• [Work to be completed] In the data below, find the line containing "NikeCourt Advantage Women's Shorts" and the line containing "commercial loan paper", then reproduce them and every line between, exactly. Omit pictures.

• [Data]
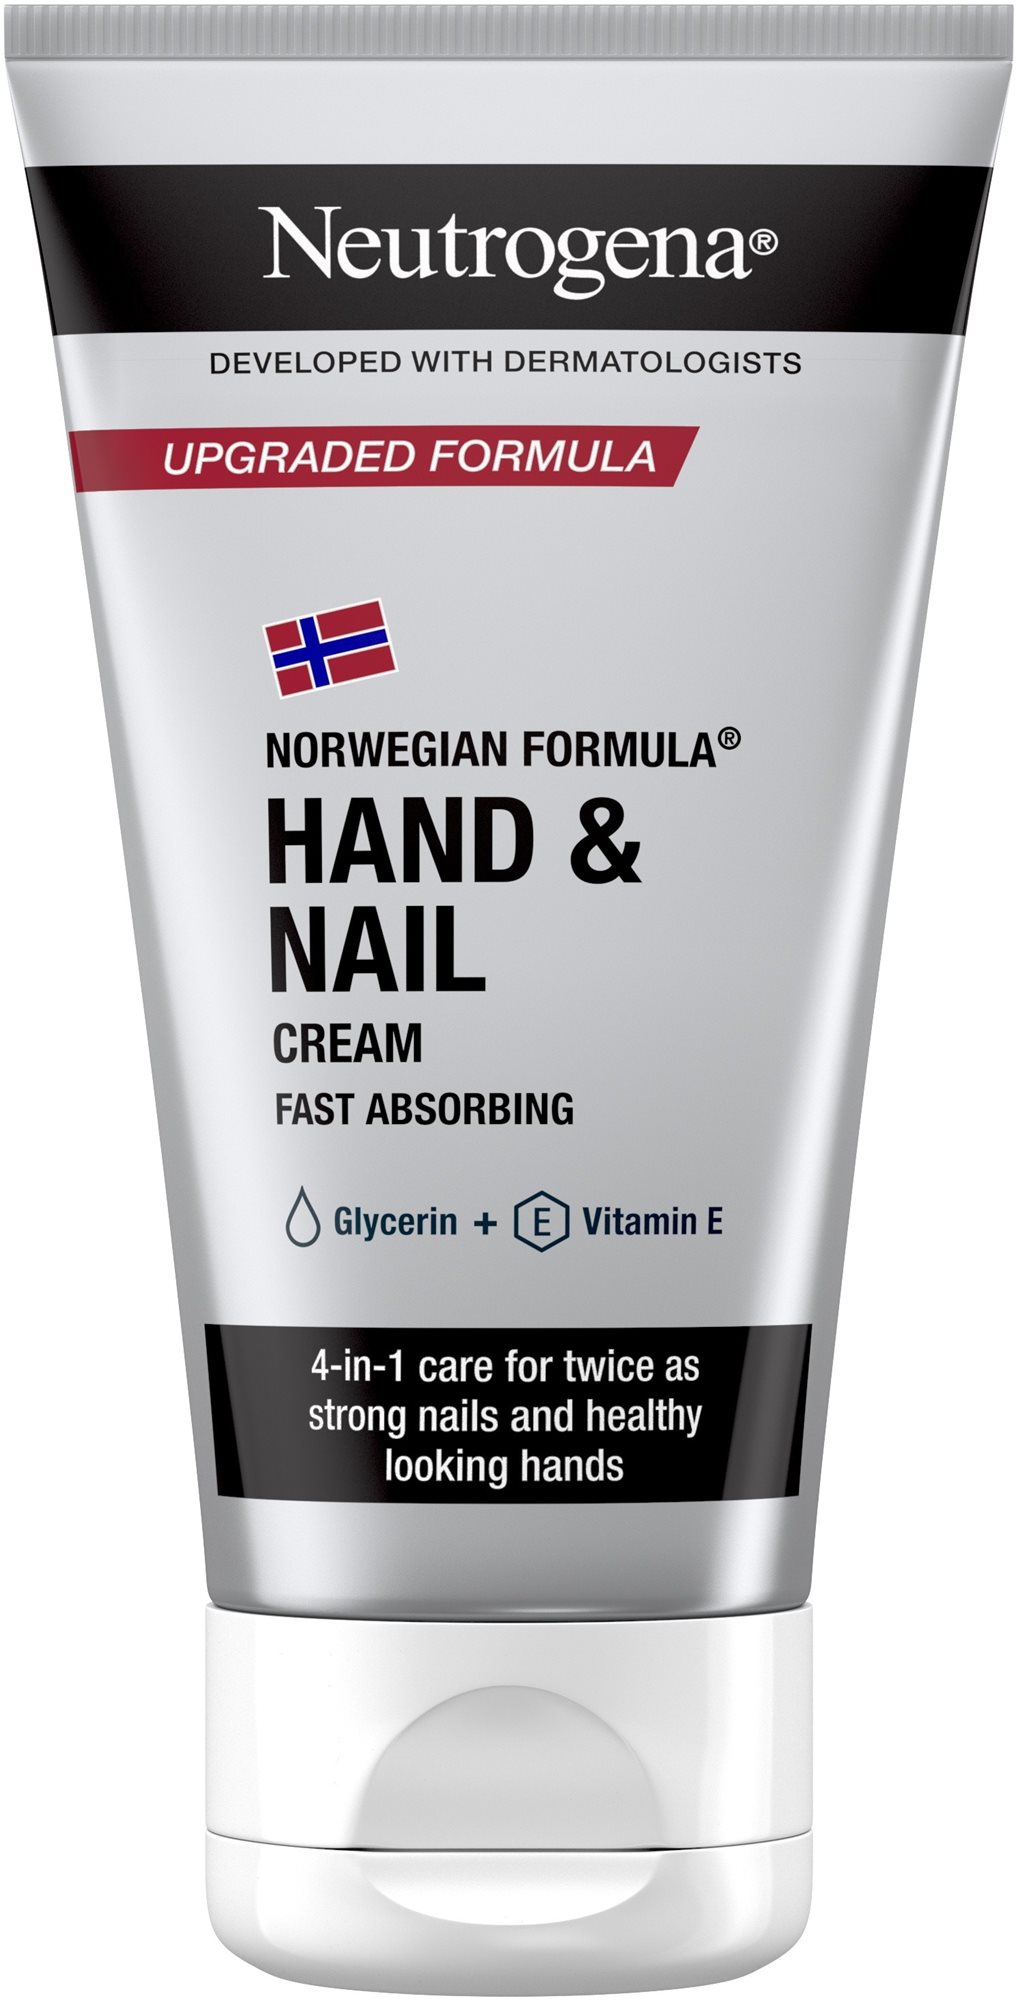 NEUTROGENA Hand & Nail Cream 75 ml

...

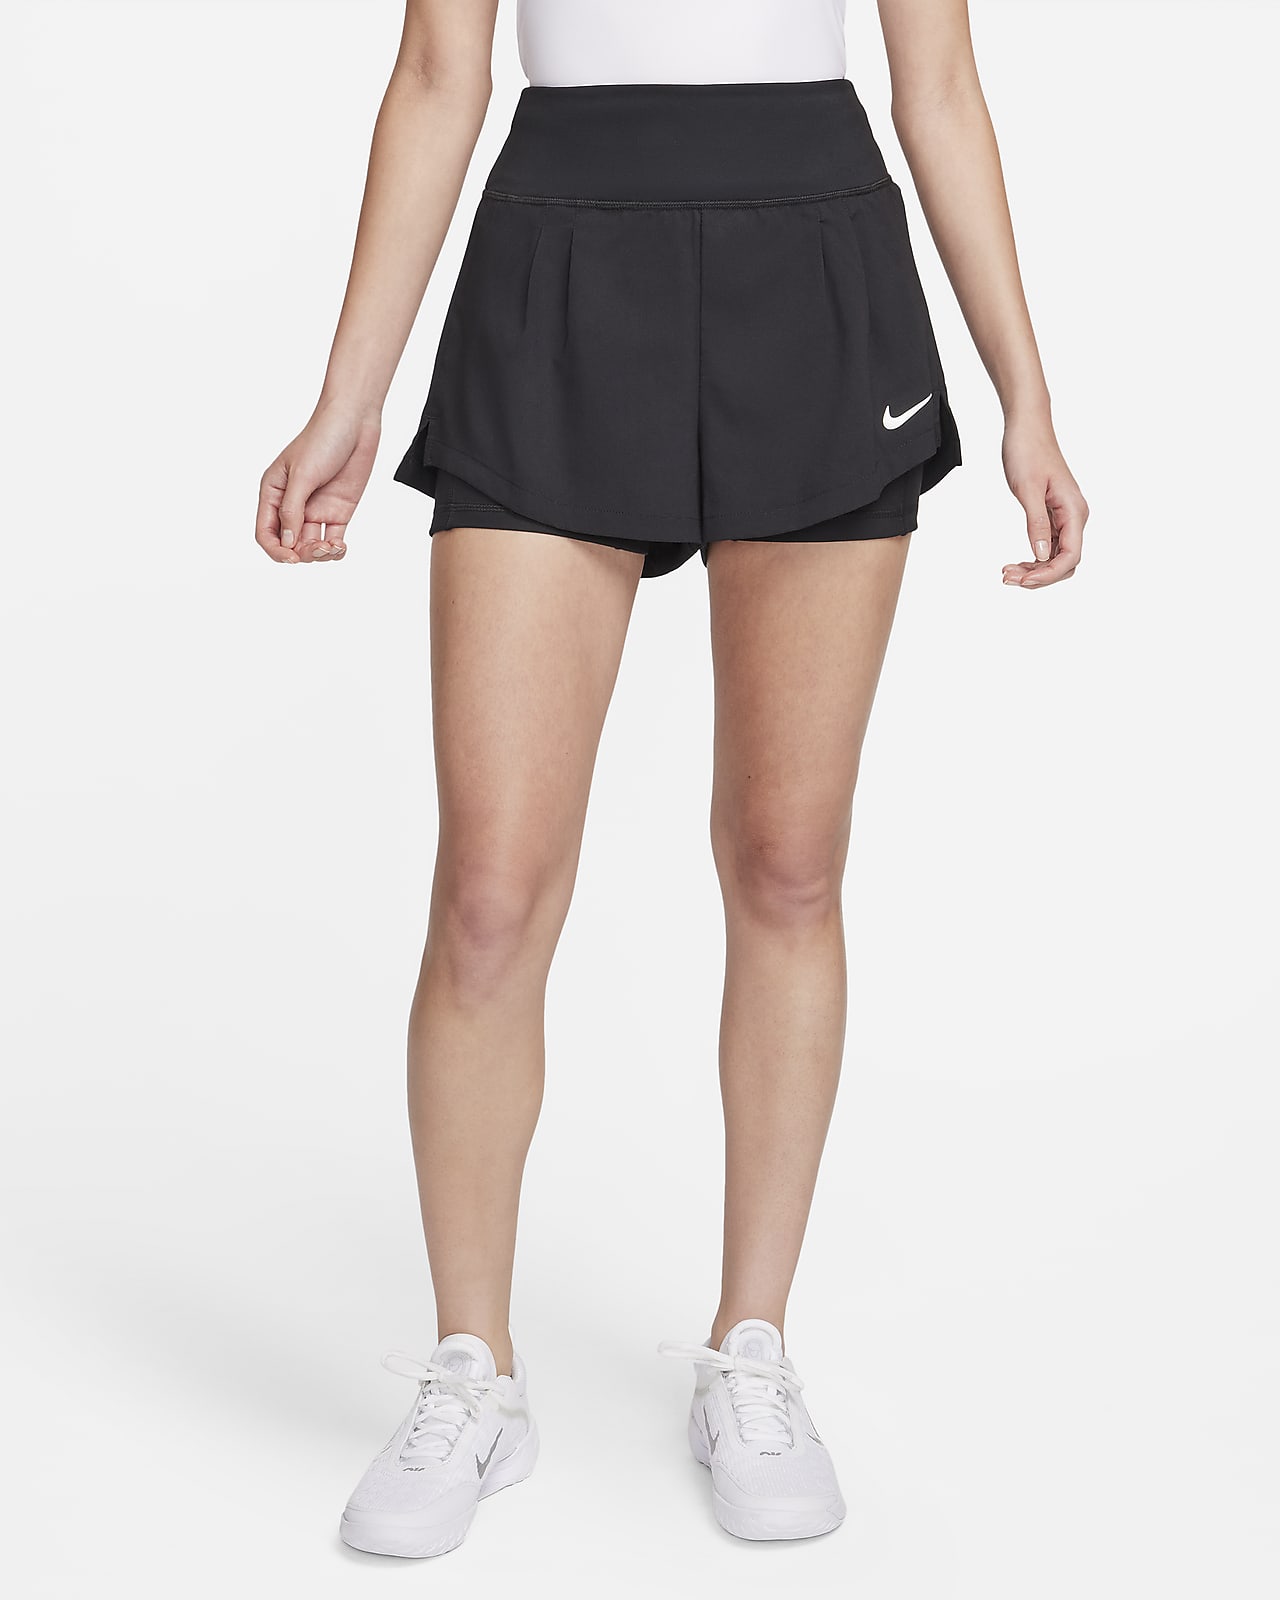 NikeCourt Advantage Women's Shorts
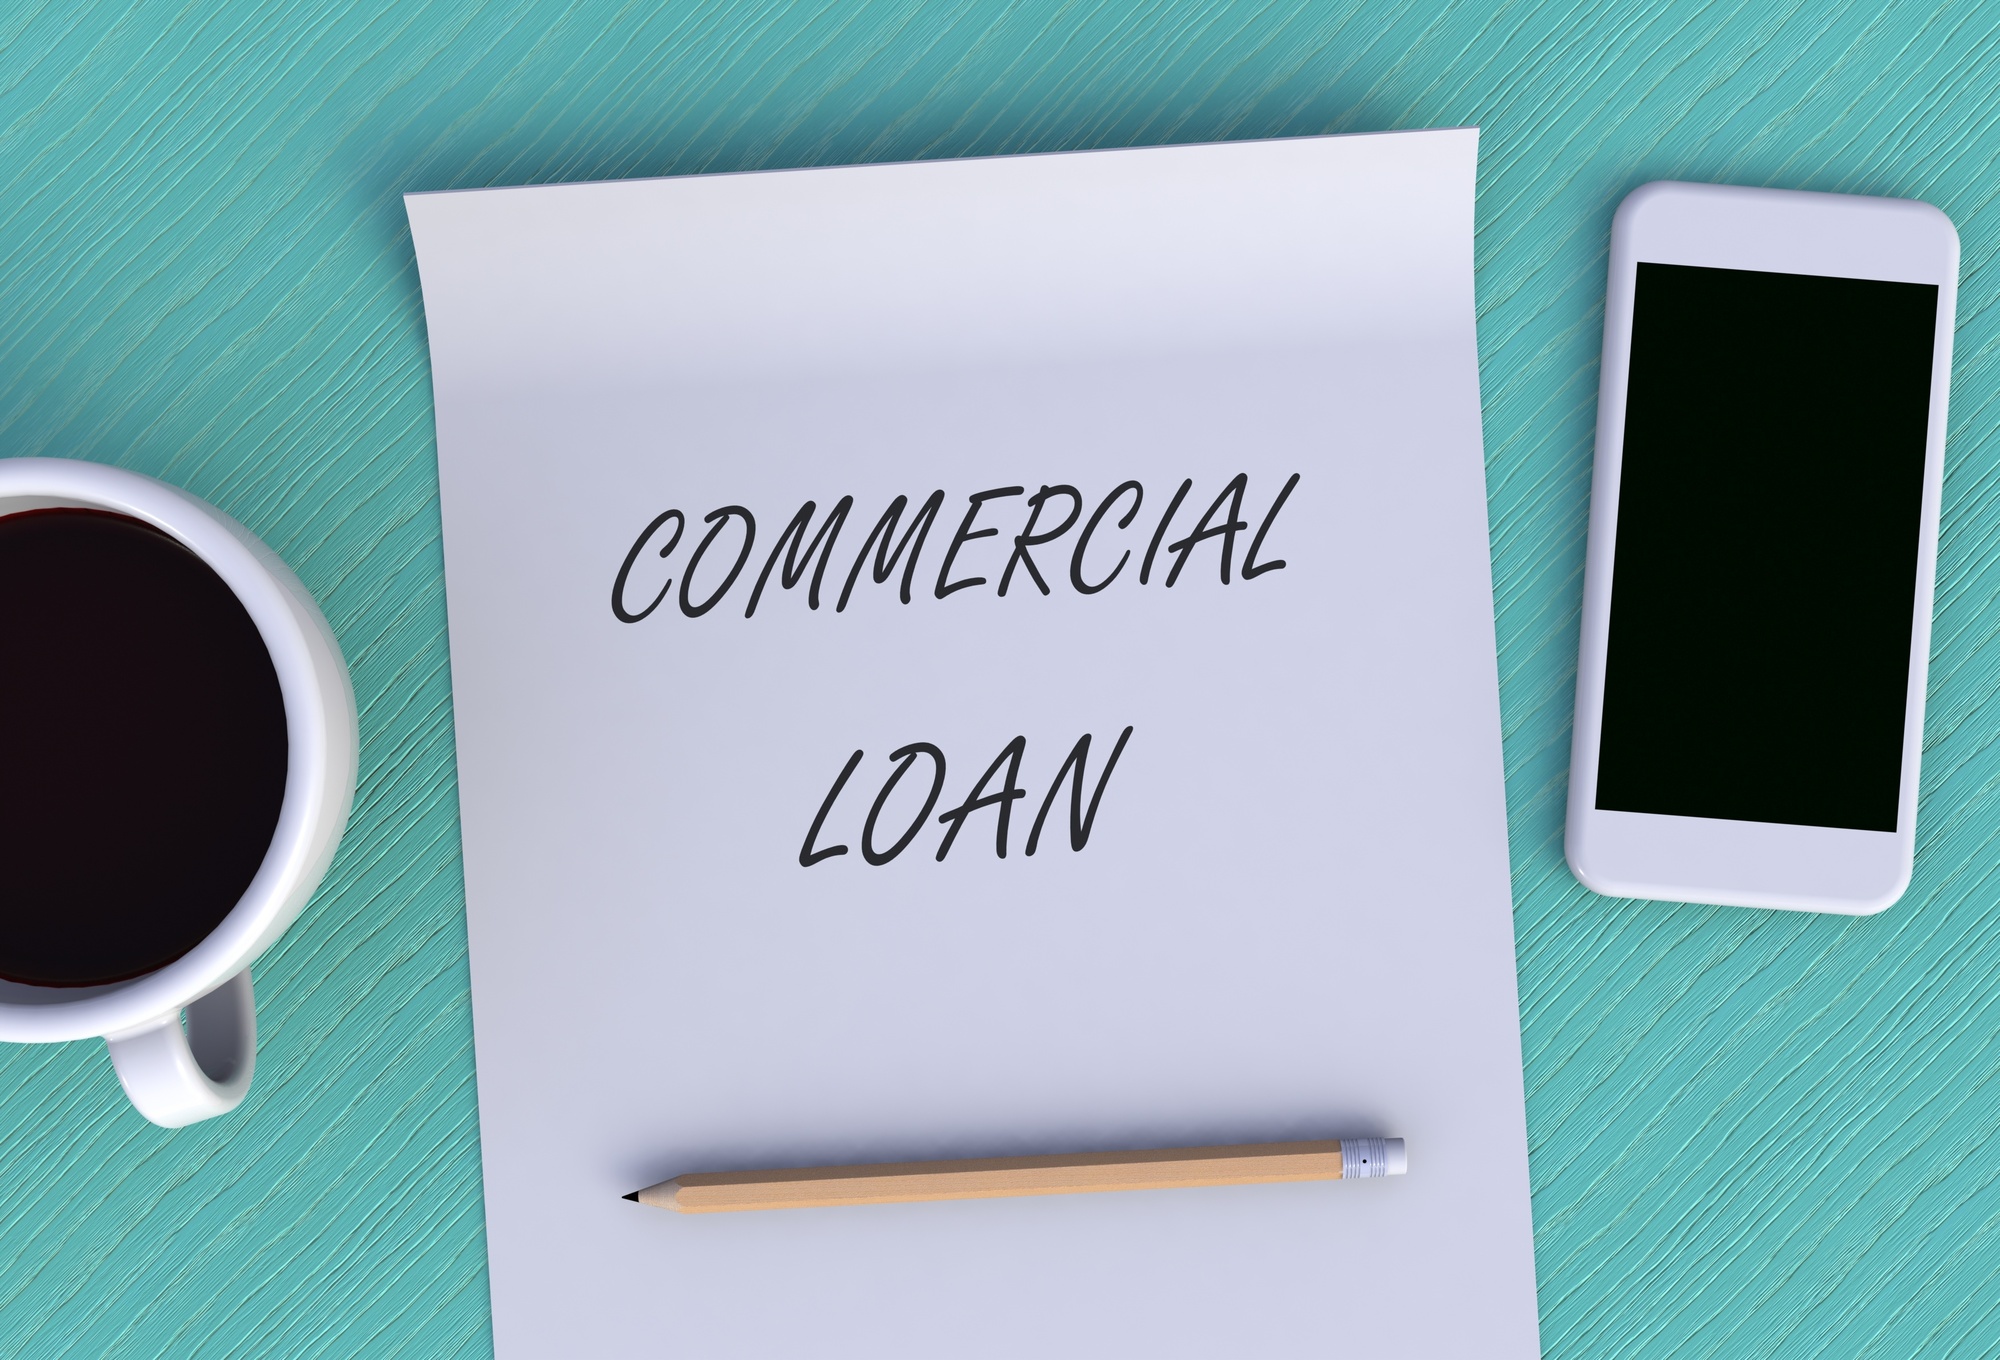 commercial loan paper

• [Reply to the task]
 NikeCourt Advantage Women's Shorts
 commercial loan paper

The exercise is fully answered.